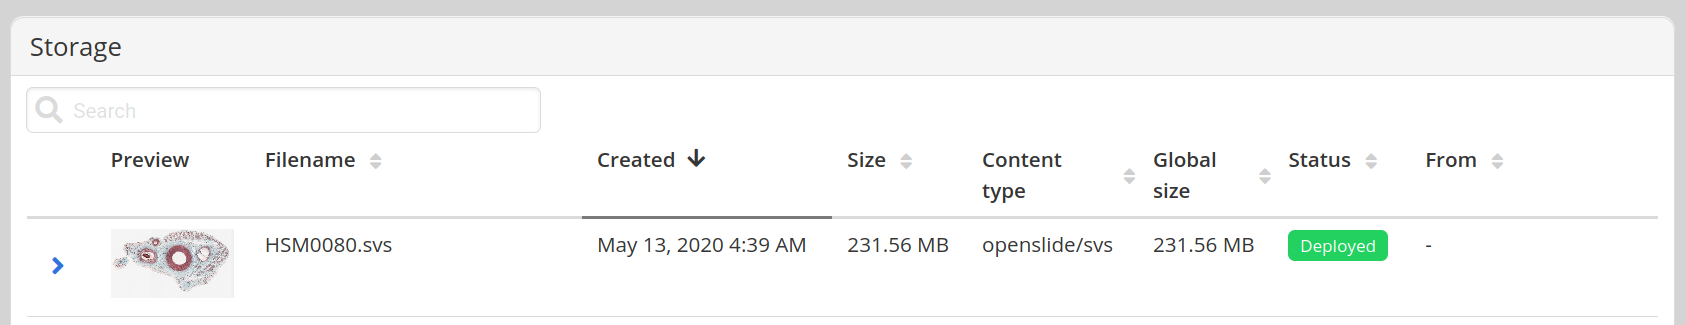 HSM0080.svs file in storage after successfull upload
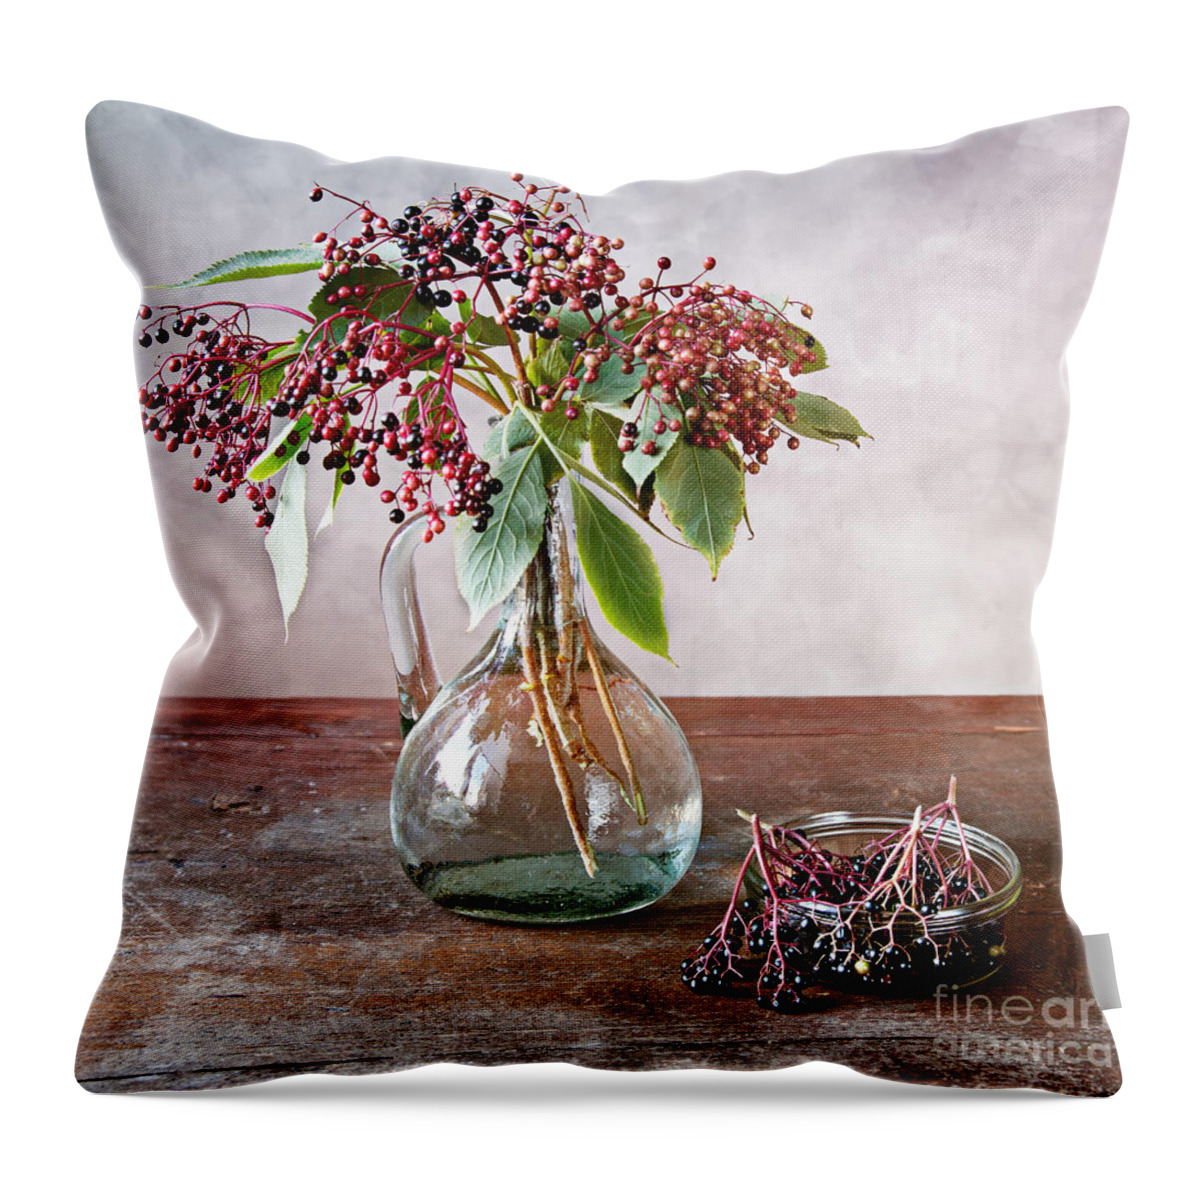 Autumn Throw Pillow featuring the photograph Elderberries 07 by Nailia Schwarz
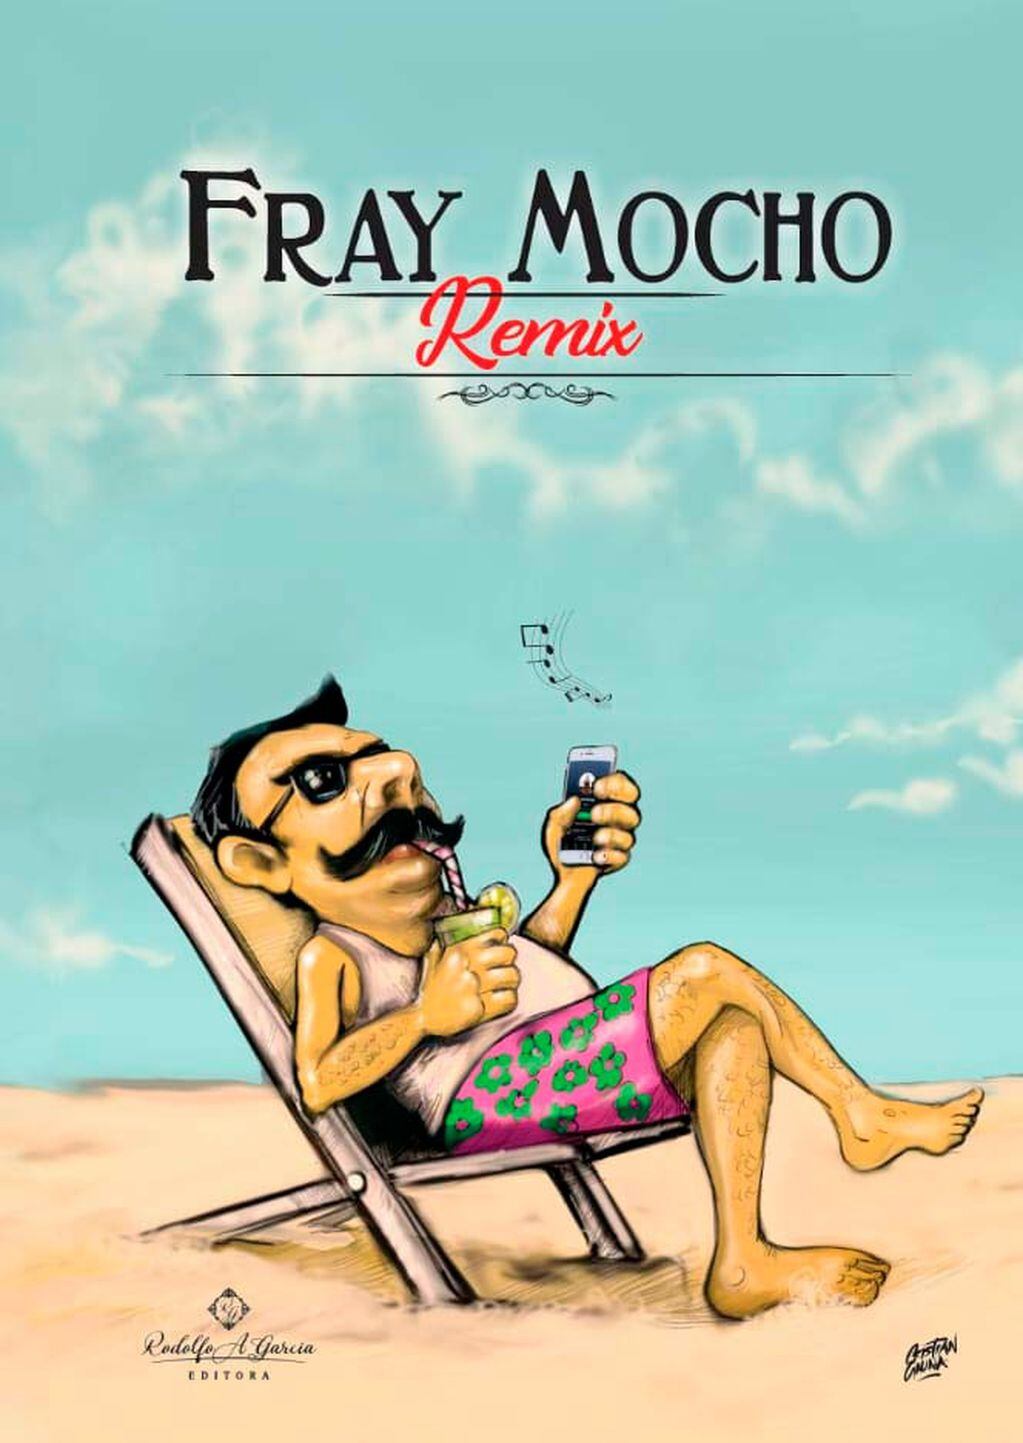 Se presenta Libro "Fray Mocho" Remix.
====================
> _Activity_:
The output has to match the data above line for line, except that pictures are dropped.

> _Response area_:
 HSM0080.svs file in storage after successfull upload
 Autumn Throw Pillow featuring the photograph Elderberries 07 by Nailia Schwarz
 Se presenta Libro "Fray Mocho" Remix.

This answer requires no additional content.